▶ **About this exercise**:
Write out the listing below exactly, and omit any images you find in it.

▶ **Supplied information**:
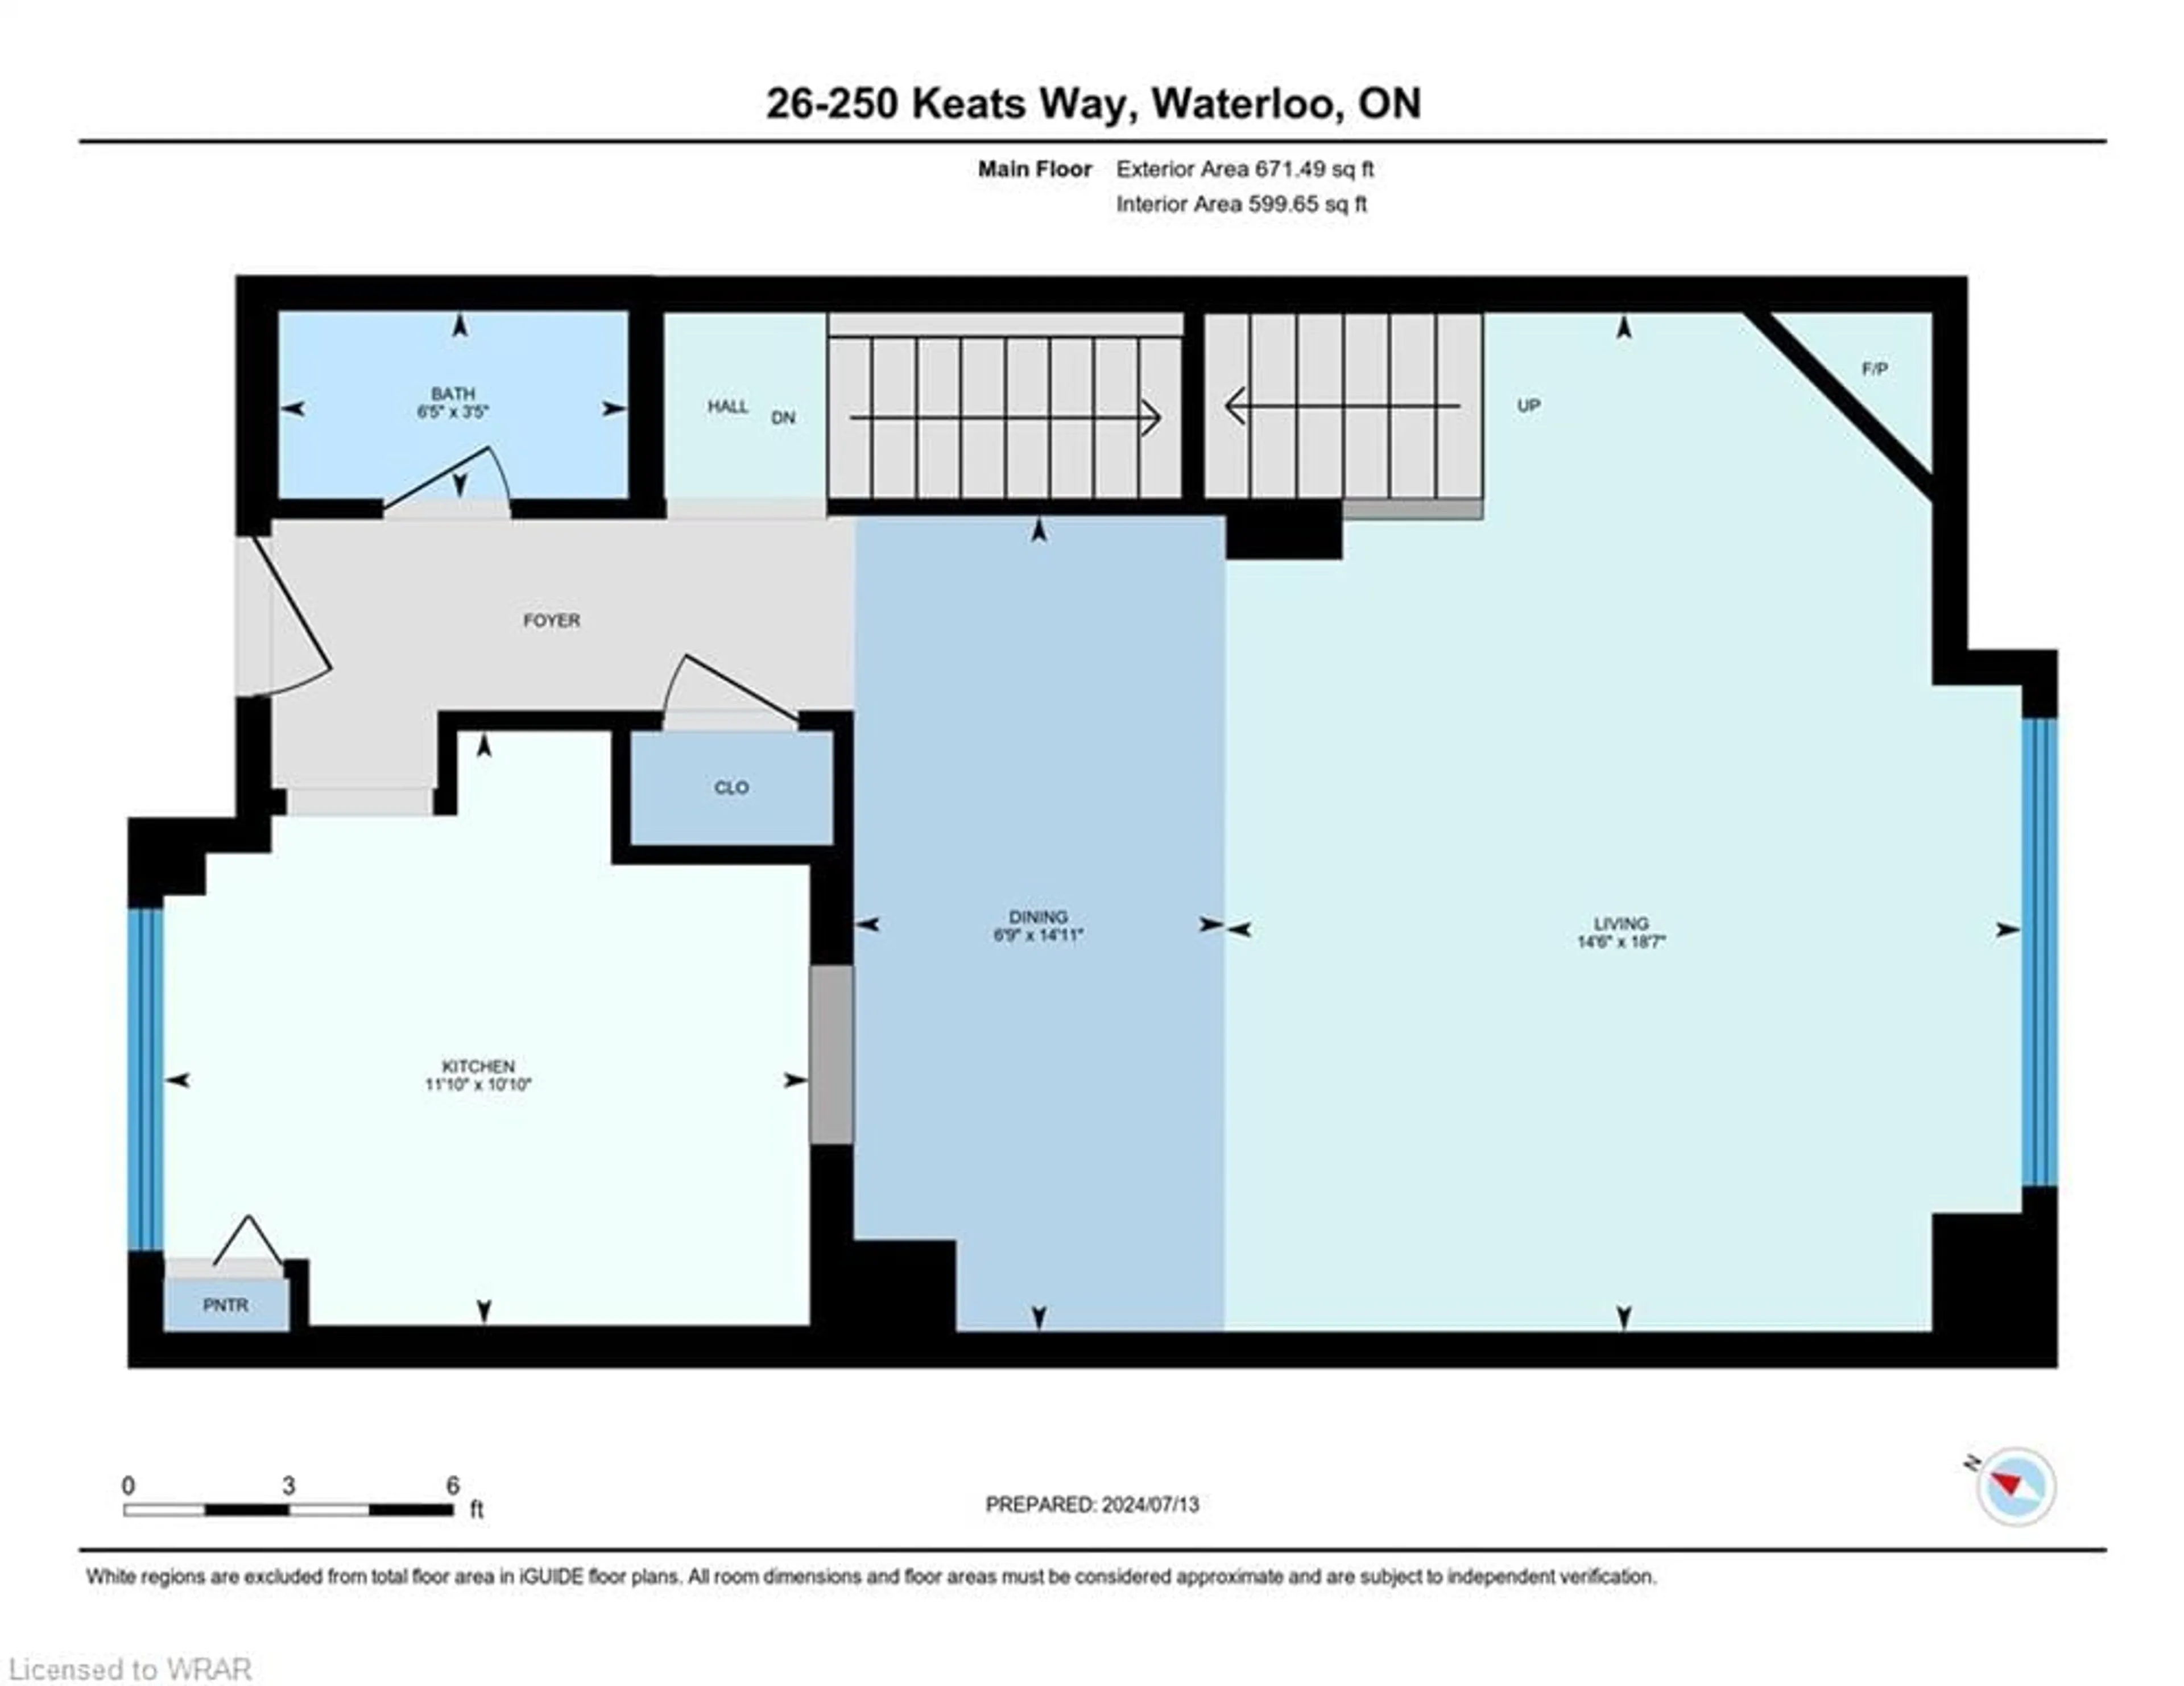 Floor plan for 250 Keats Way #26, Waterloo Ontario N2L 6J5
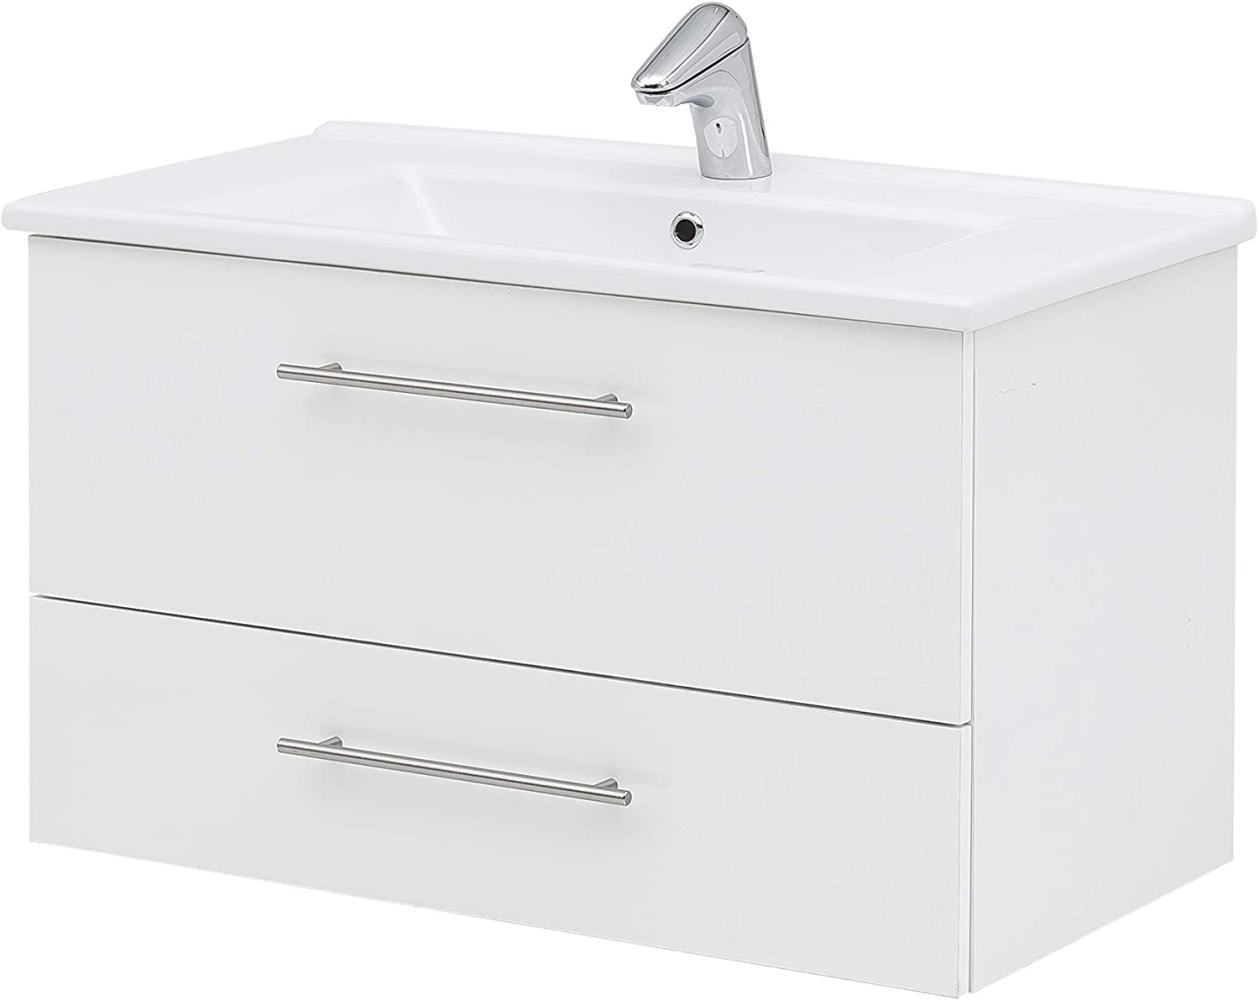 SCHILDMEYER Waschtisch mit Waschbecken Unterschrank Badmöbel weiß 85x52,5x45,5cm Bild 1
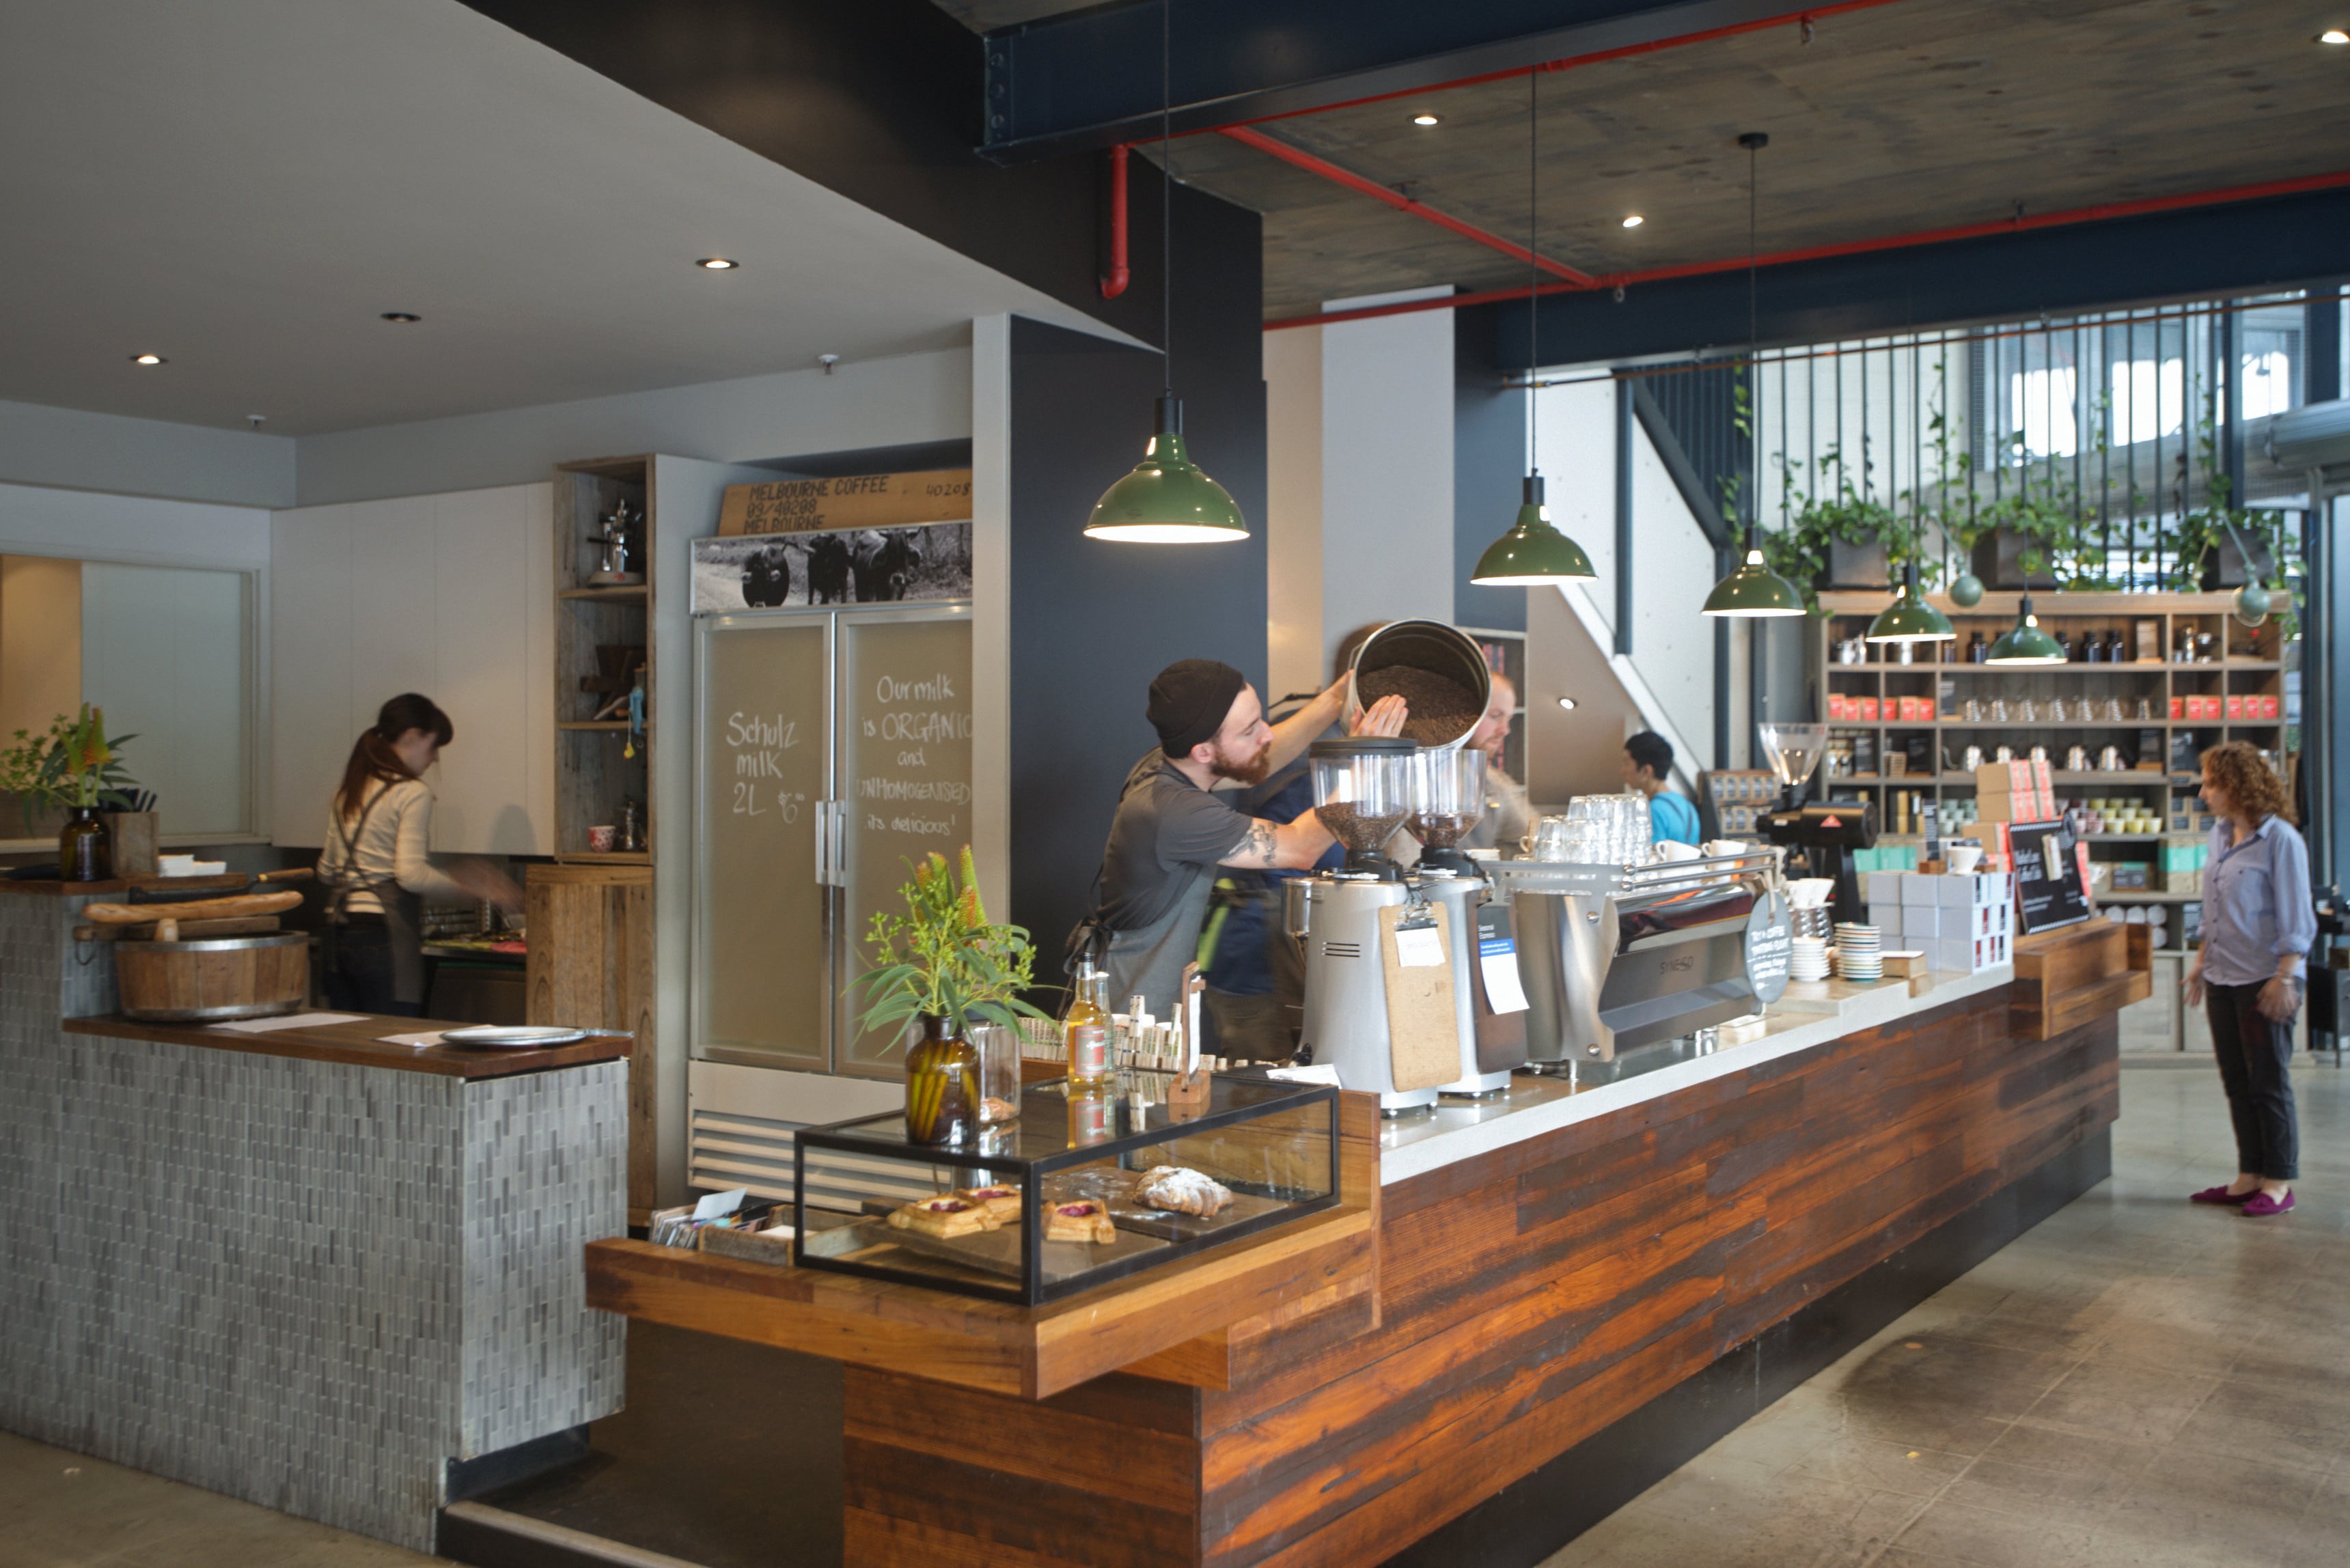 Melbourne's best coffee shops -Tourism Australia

▶ **Problem solution**:
 Floor plan for 250 Keats Way #26, Waterloo Ontario N2L 6J5
 SCHILDMEYER Waschtisch mit Waschbecken Unterschrank Badmöbel weiß 85x52,5x45,5cm Bild 1
 Melbourne's best coffee shops -Tourism Australia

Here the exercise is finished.